I agree that we shouldn’t come up with all these scenarios, however likely or not - and certainly jumping to conclusions about a serial killer isn’t helping either - but there are so many of us that are concerned and just don’t know what else to do. I am the type of person who needs to know what’s going on in their community, and when something like this happens and there are no answers, I can’t help but search for them on my own. I know that the police and other officials are doing the best that they can, and I want to give them a break, but it’s hard to accept such a tragedy in our little community - it’s weird coming to campus today not knowing what’s going on, not trusting your surroundings. I don’t live in fear, but these ARE uncertain times and it’s just very unsettling. But I will continue to hope and pray for especially for Lauren’s family, friends, and loved ones.
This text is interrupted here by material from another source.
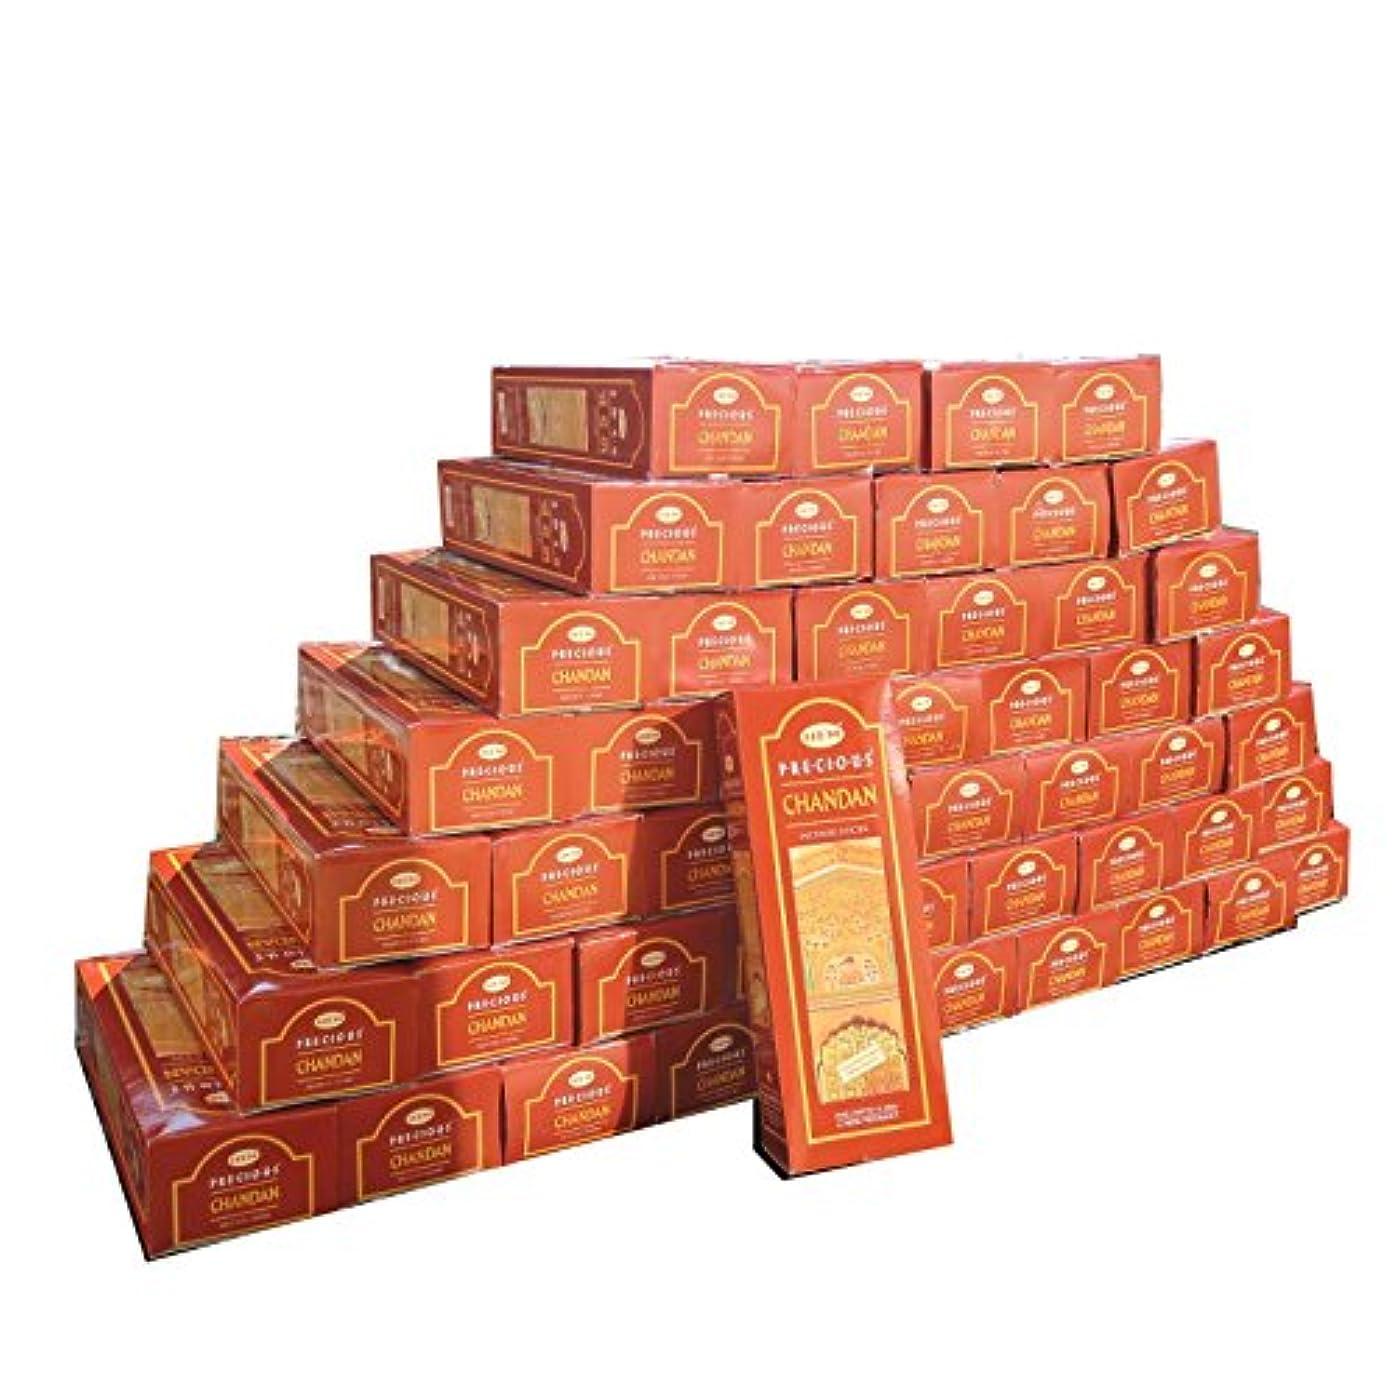 ソロハミングバード説明する業務用 インドスティック形お香 プレシャスチャンダン 300箱入り

Posted by ( crappiefisher ) on March 06, 2008 at 11:18 am

I’m new to the area. Not a student but a faculty spouse. Seems kind of scary thinking that there’s a psychopath out there targeting female college students. Although the police report they feel there is no link, does not mean that they really DO think there is one. They have to be careful what they report publicly. So give them some space and respect. The police and security forces are more connected than you think.
You young folks make sure that you never walk alone regardles of how short the trip. Back in my college days there was a suspected serial killer in the area where I lived and went to school (NE La). The buddy-system was kind of enforced at my little, quiet school. Years later I’m watching a show on serial killers and there’s this guy that has confessed to killing across the nation, 2 of his victims from the parish where I lived during the time that I lived there. One was a girl that worked at theatre where I worked. She was killed a few months before I started. The manager there would walk all girls to their calls and you were required to call him when you got home. He was a part-time cop and lives with this guilt that he could have prevented that girl’s death. pretty scary stuff. Be safe, but do not live in fear.
Auburn is a great place. Psycho’s are everywhere - they don’t just live in heavy populated areas.  But their actions are readily aparrent when they occur in quiet areas like Auburn compared to places like Cincinnati or NYC. 

God bless the families and friends of these girls.

Posted by ( sash ) on March 06, 2008 at 10:13 am

I am wondering if the AUPD are checking into some of these construction companies’ workers.  I remember a couple of summers ago, a girl at Clemson University was found dead and they tracked her murder to a construction worker, who had also killed some women in other southern states. The AUPD should find out if a construction worker might have left shortly after the Lori Slesinski incident and maybe has recently shown back up for work.  The car fires are jsut too similar to ignore.